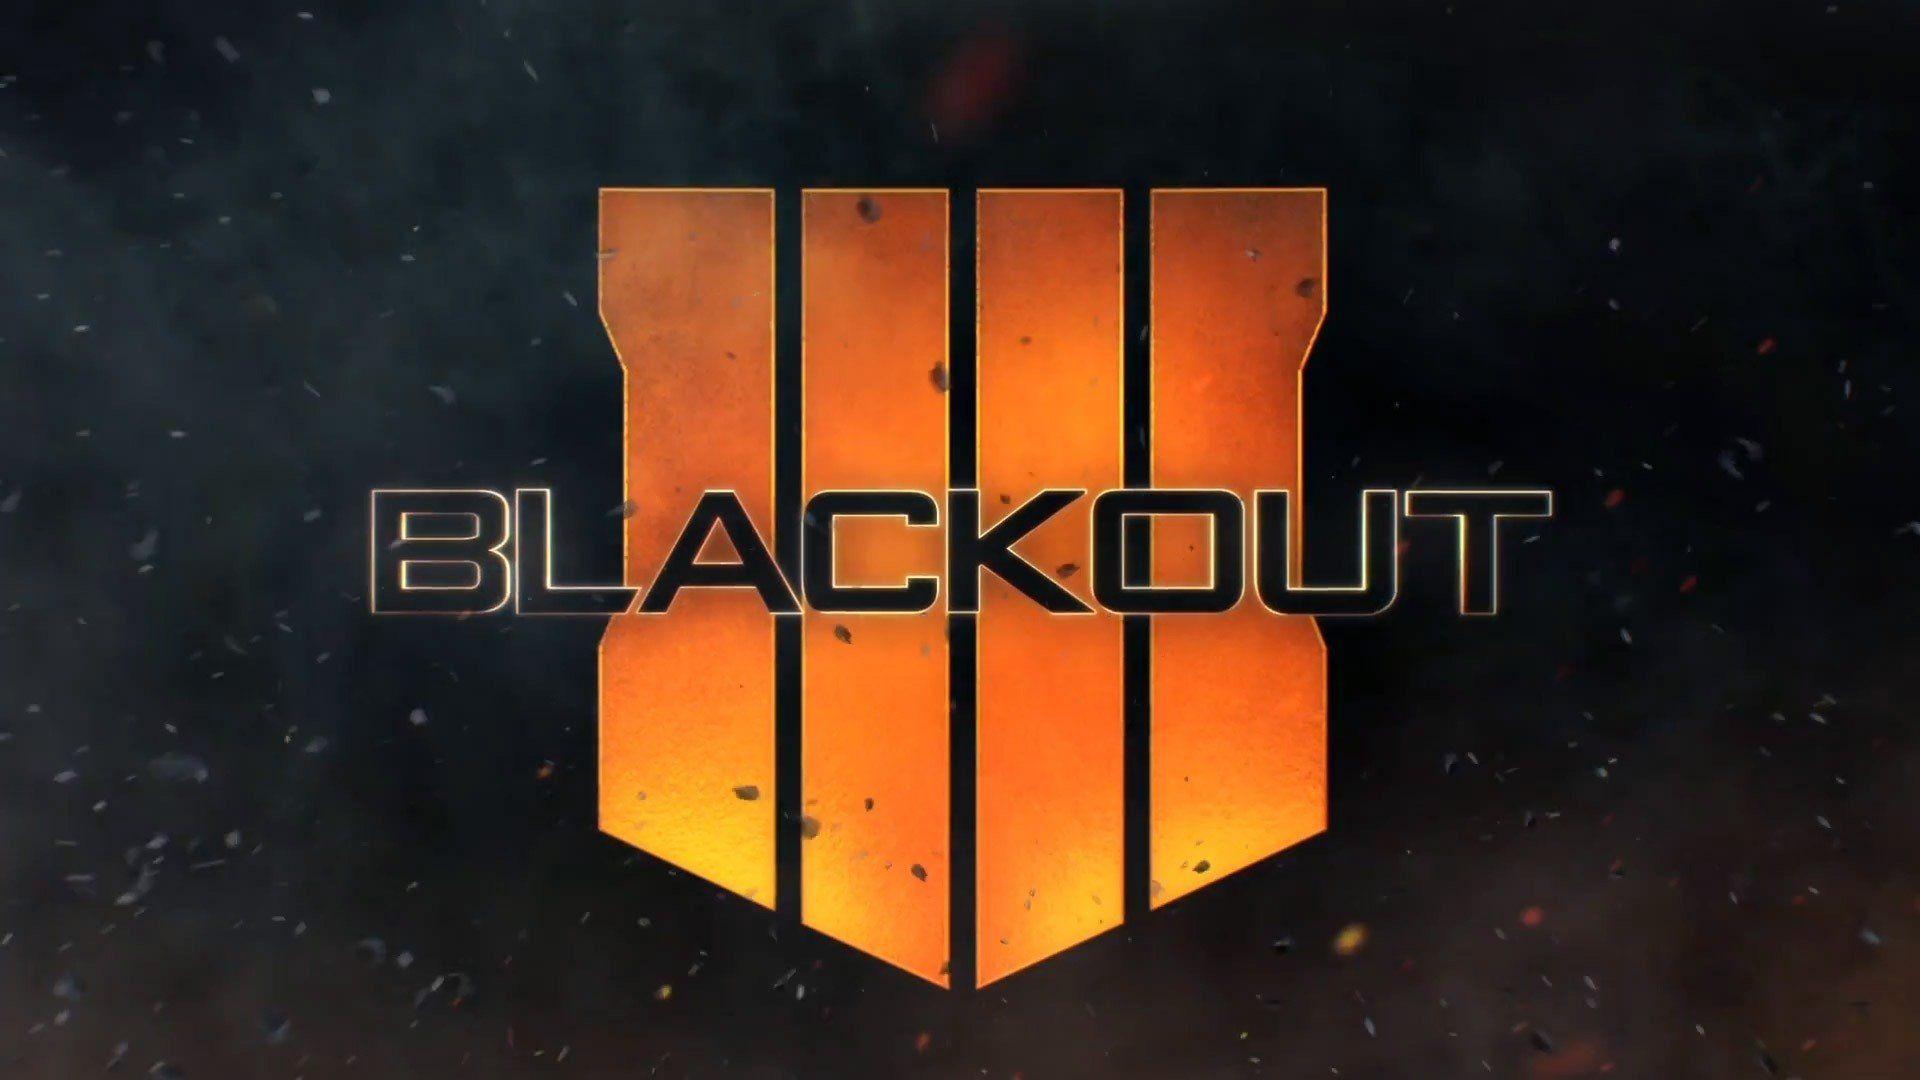 call of duty black ops 4 image
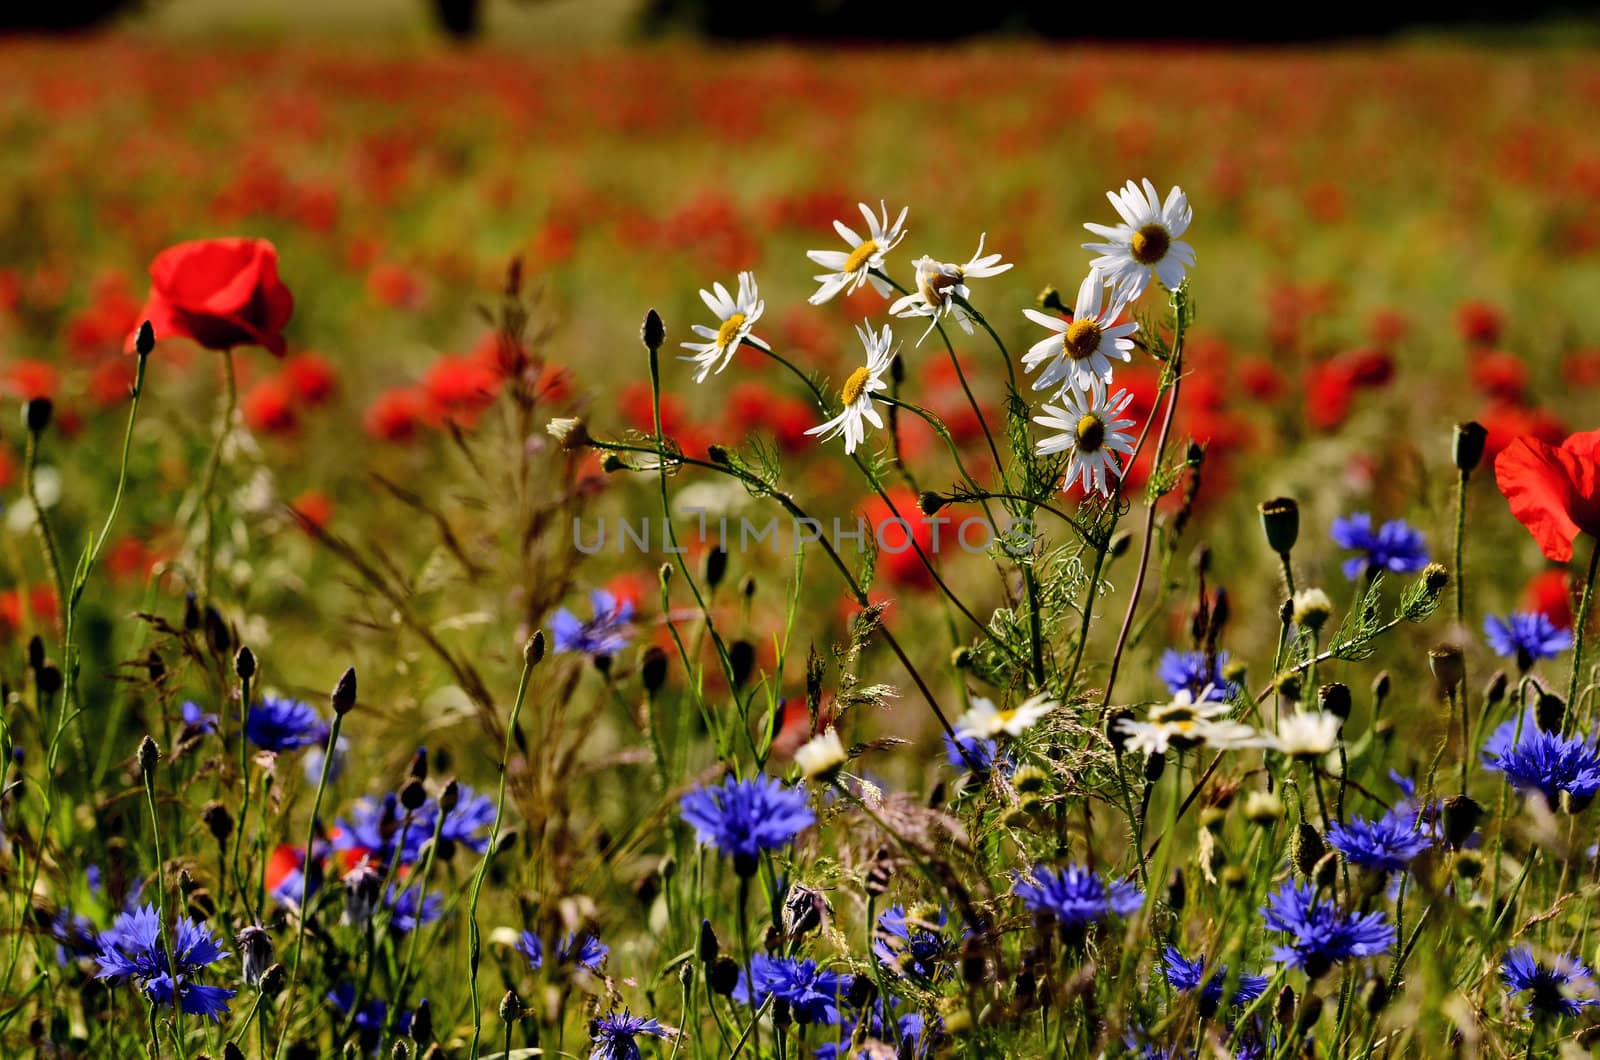 This photo present oxeye daisy cornflowers and poppies encircled a background field of poppies
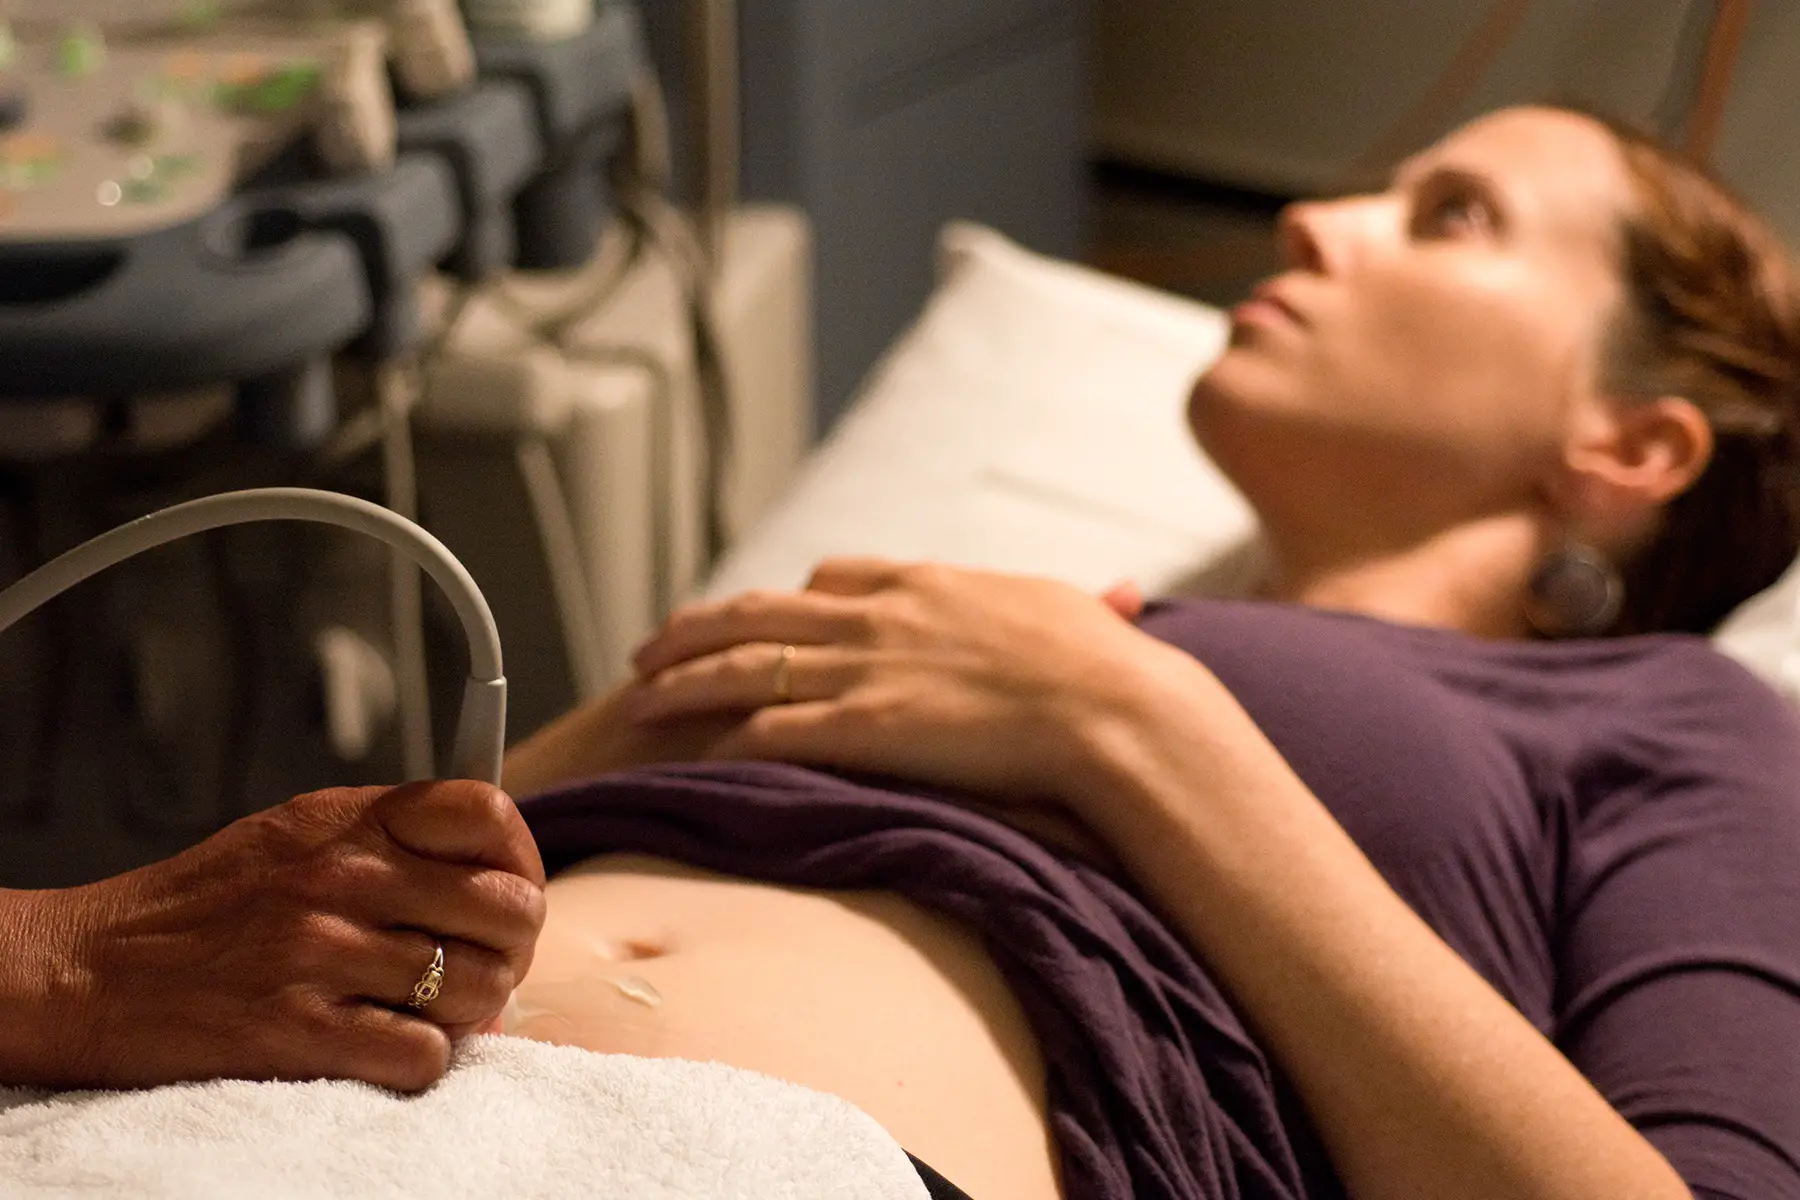 Pregnant woman having an ultrasound performed
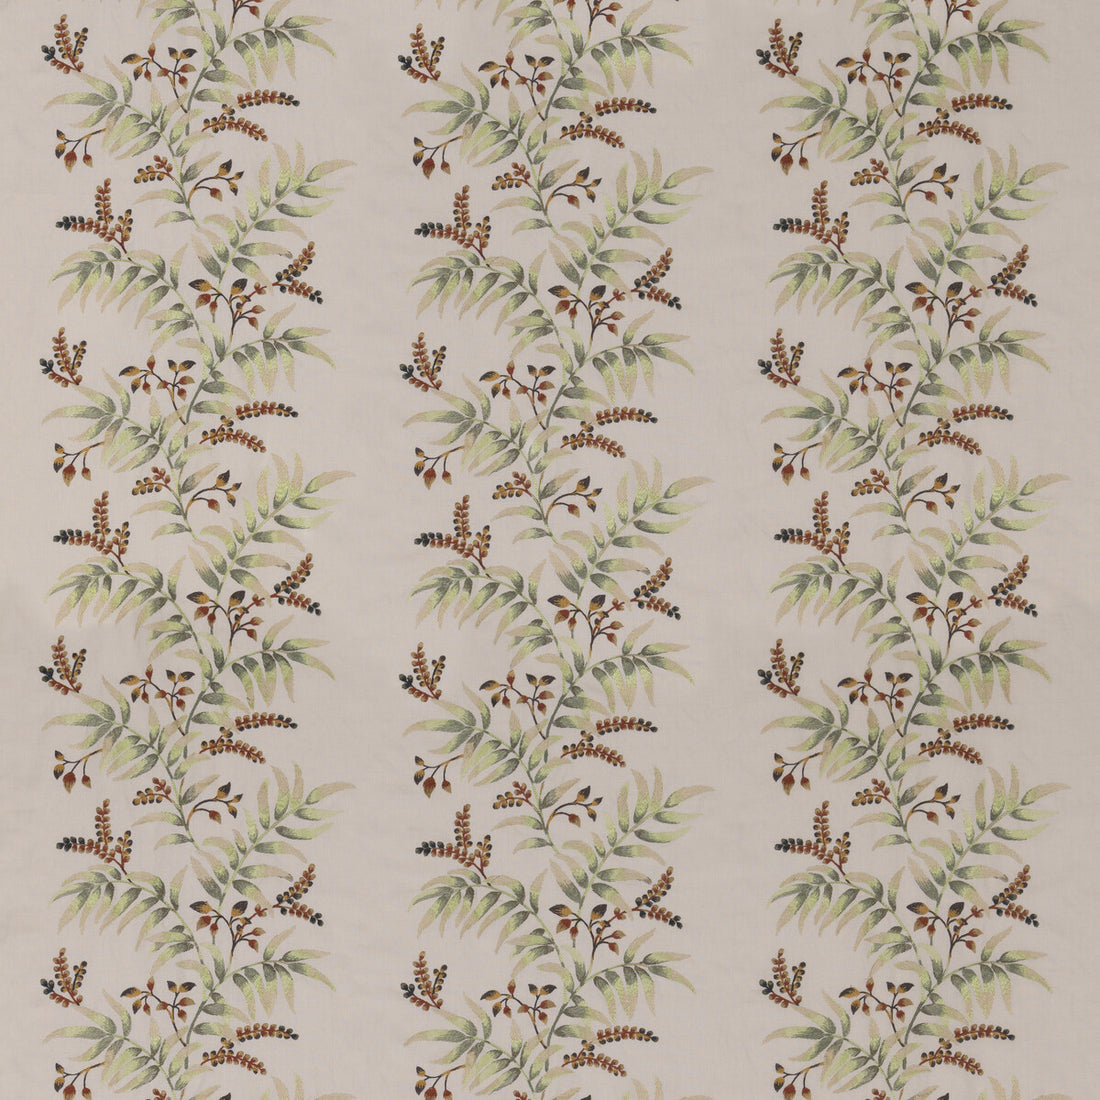 Foxhill fabric in green color - pattern BF11026.1.0 - by G P &amp; J Baker in the Burford collection

____________

What you return must match the data above exactly, with no images included.

■ TASK RESULT
 call of duty black ops 4 image
 This photo present oxeye daisy cornflowers and poppies encircled a background field of poppies
 Pregnant woman having an ultrasound performed
 Foxhill fabric in green color - pattern BF11026.1.0 - by G P &amp; J Baker in the Burford collection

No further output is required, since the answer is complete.